I need help with this question. How would you do it?

Find the equation of the tangent at the point (2, 1) of the circle x^2 + y^2 − 4y − 1 = 0

I know the equation is y=m(x-2)+1 from simply subbing (2,1) into y-y1=m(x-x1) formula. I just need to find m now but can't fully solve it.

I subbed y=m(x-2)+1 into x^2+y^2-4y-1=0 and ended up with: x^2 +(mx-2m+1)^2 - 4(mx-2m+1) -1=0. What do I do now?

All help will be much appreciated. Thanks

PS: Sorry, I just realized I accidentally post the message twice from looking at the forum. My apologies for that. I thought it didn't get sent the first time around.

#### jnlfs2010 ##### Re: VCE Specialist 3/4 Question Thread!
« Reply #9607 on: February 03, 2020, 07:17:33 pm »
+1
Hi Guys,

I need help with this question.
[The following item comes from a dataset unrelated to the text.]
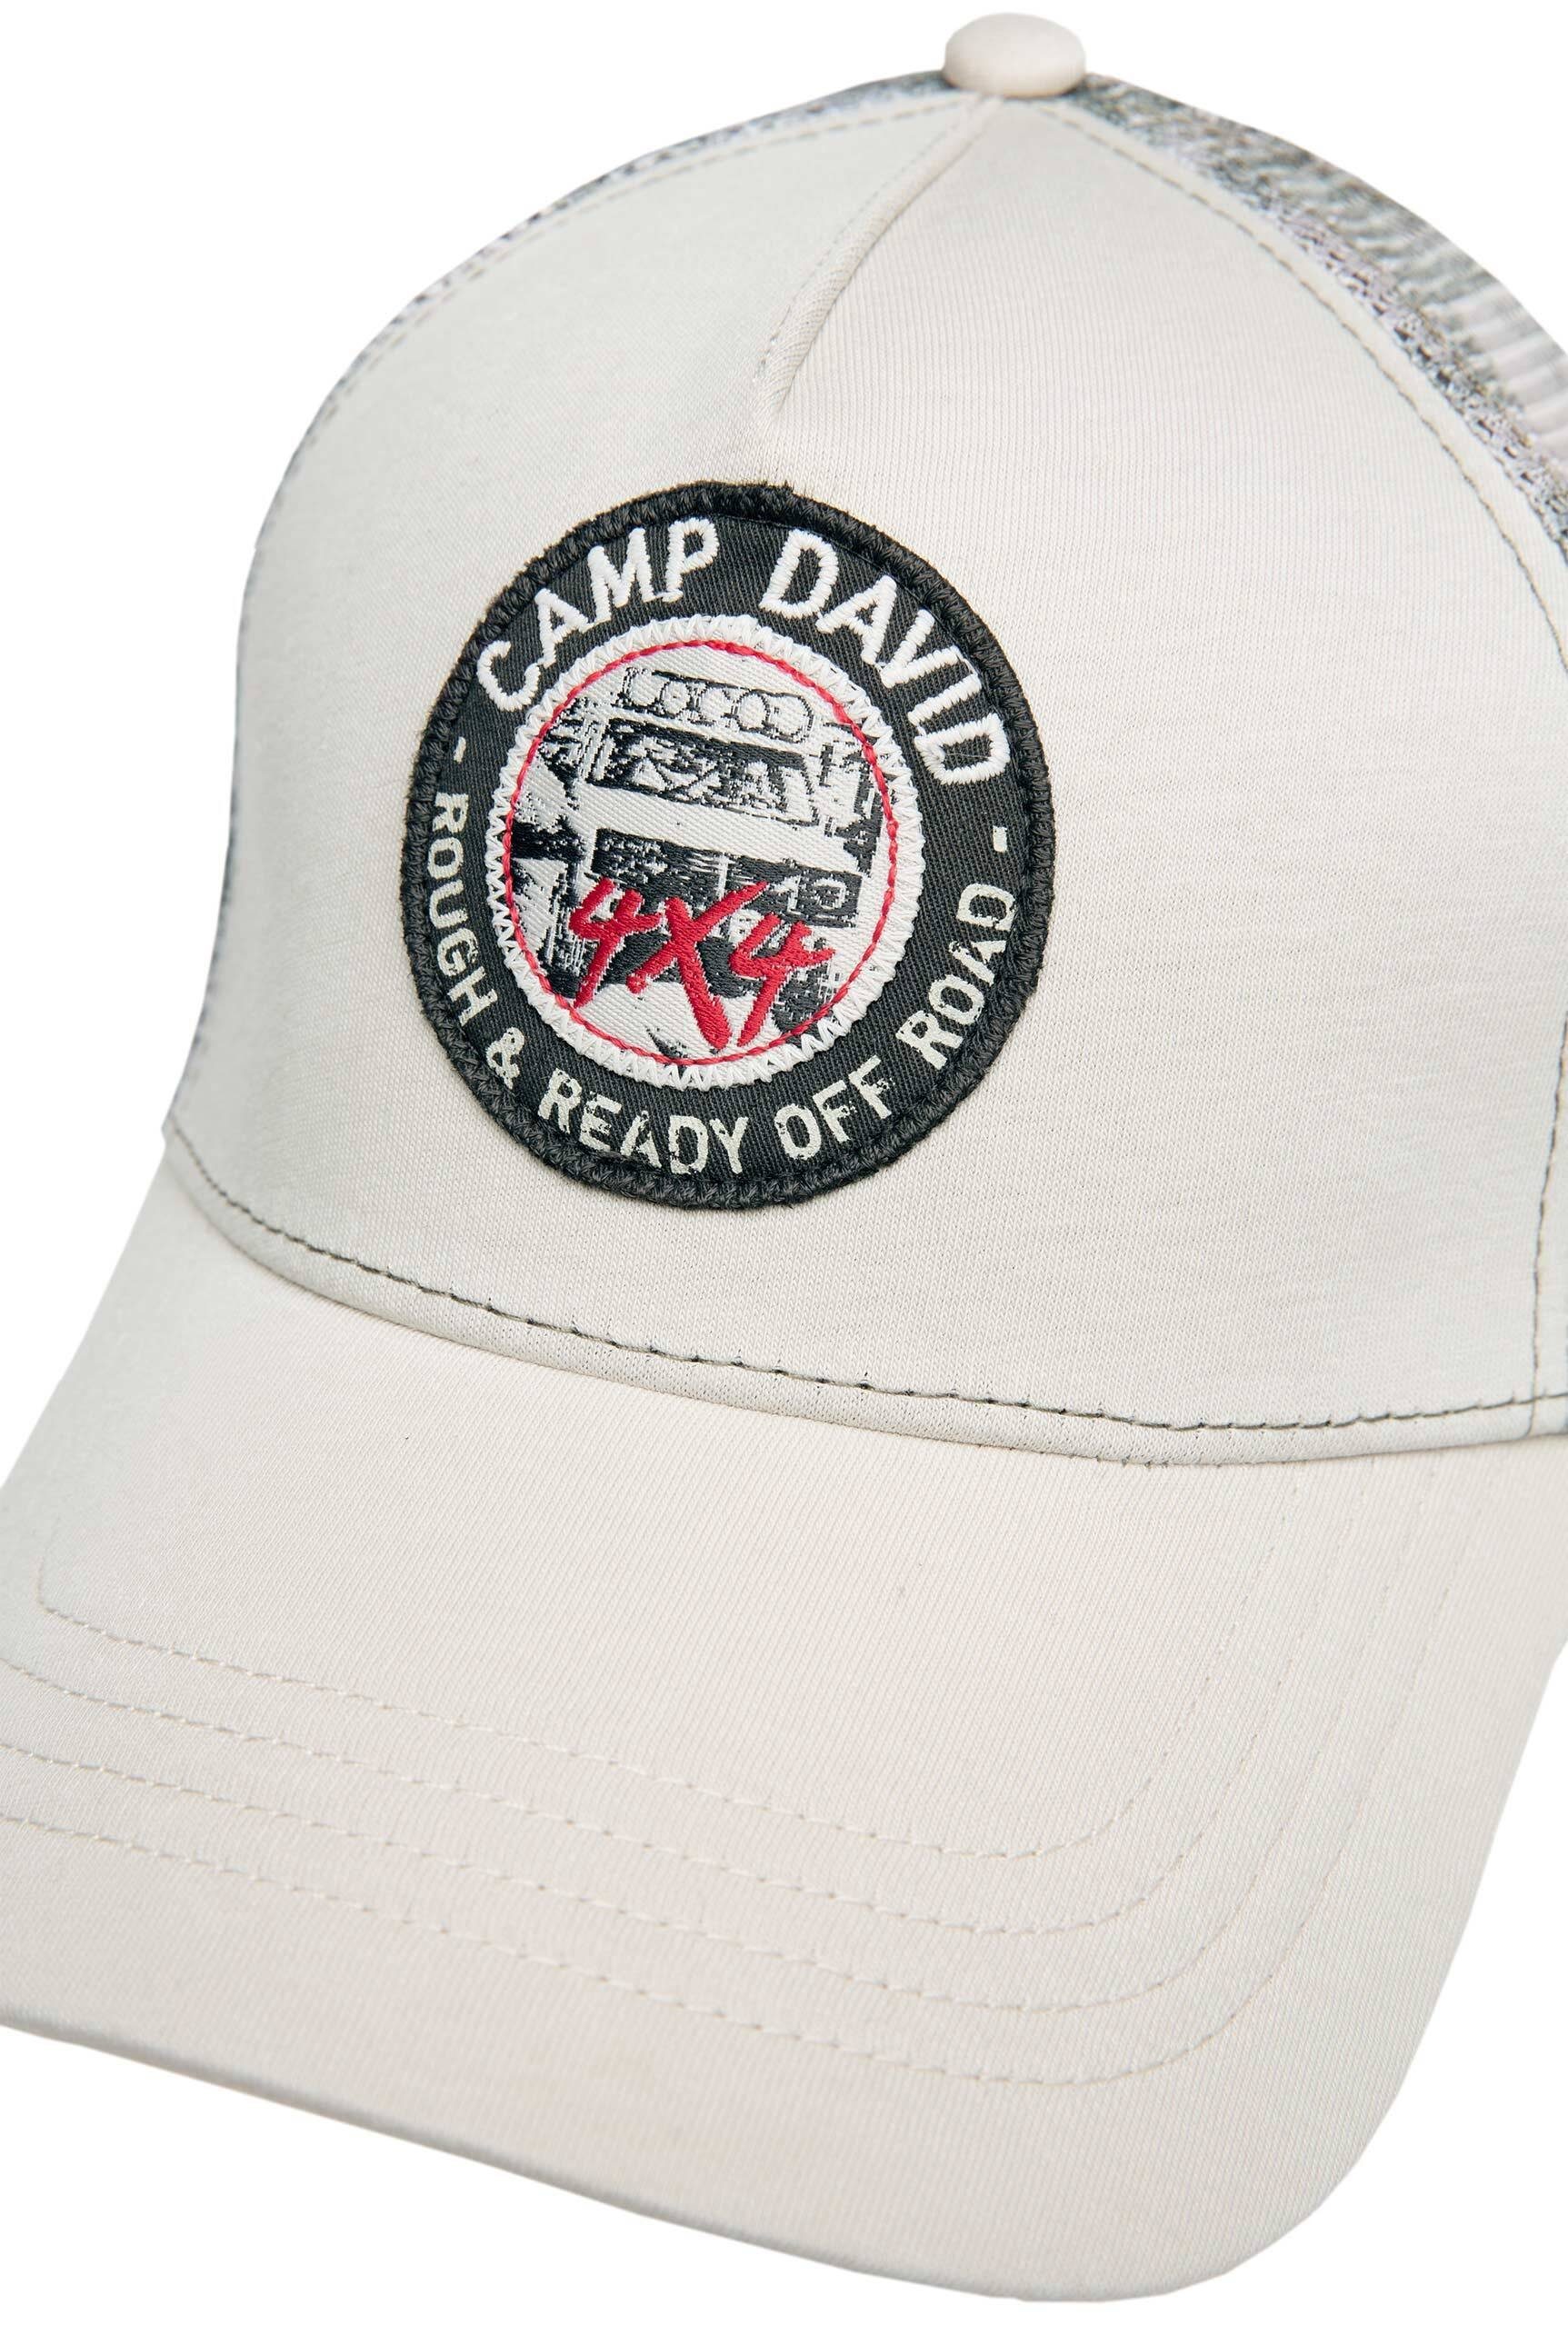 CAMP mit DAVID Netzeinsatz hinten Cap Trucker
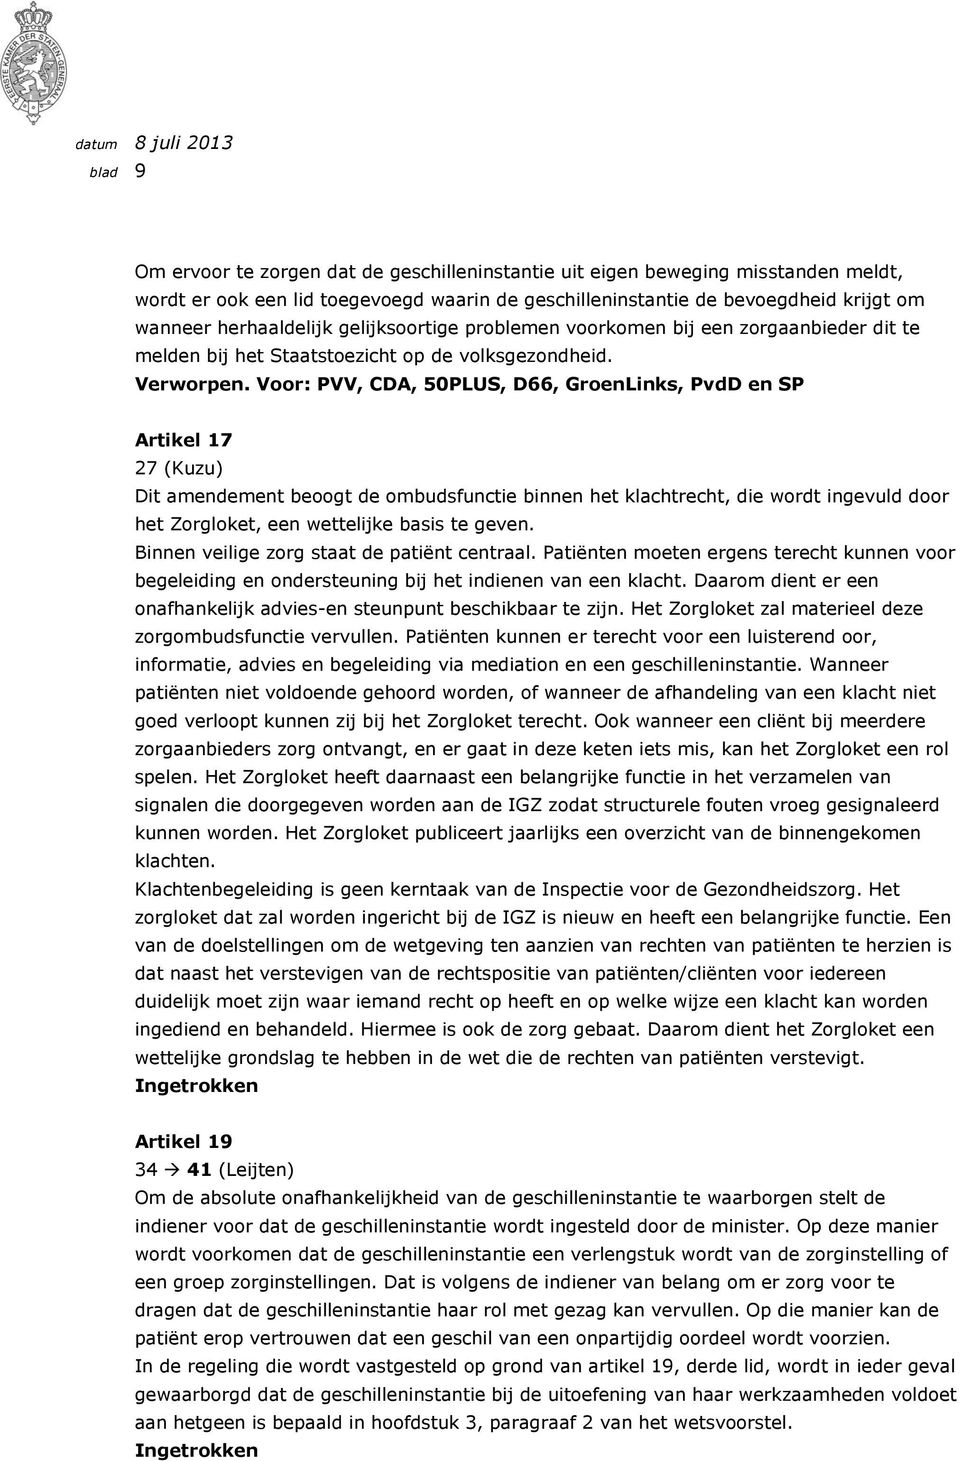 Voor: PVV, CDA, 50PLUS, D66, GroenLinks, PvdD en SP Artikel 17 27 (Kuzu) Dit amendement beoogt de ombudsfunctie binnen het klachtrecht, die wordt ingevuld door het Zorgloket, een wettelijke basis te

How would you do it?

Find the equation of the tangent at the point (2, 1) of the circle x^2 + y^2 − 4y − 1 = 0

I know the equation is y=m(x-2)+1 from simply subbing (2,1) into y-y1=m(x-x1) formula. I just need to find m now but can't fully solve it.

I subbed y=m(x-2)+1 into x^2+y^2-4y-1=0 and ended up with: x^2 +(mx-2m+1)^2 - 4(mx-2m+1) -1=0. What do I do now?

All help will be much appreciated. Thanks

PS: Sorry, I just realized I accidentally post the message twice from looking at the forum. My apologies for that. I thought it didn't get sent the first time around.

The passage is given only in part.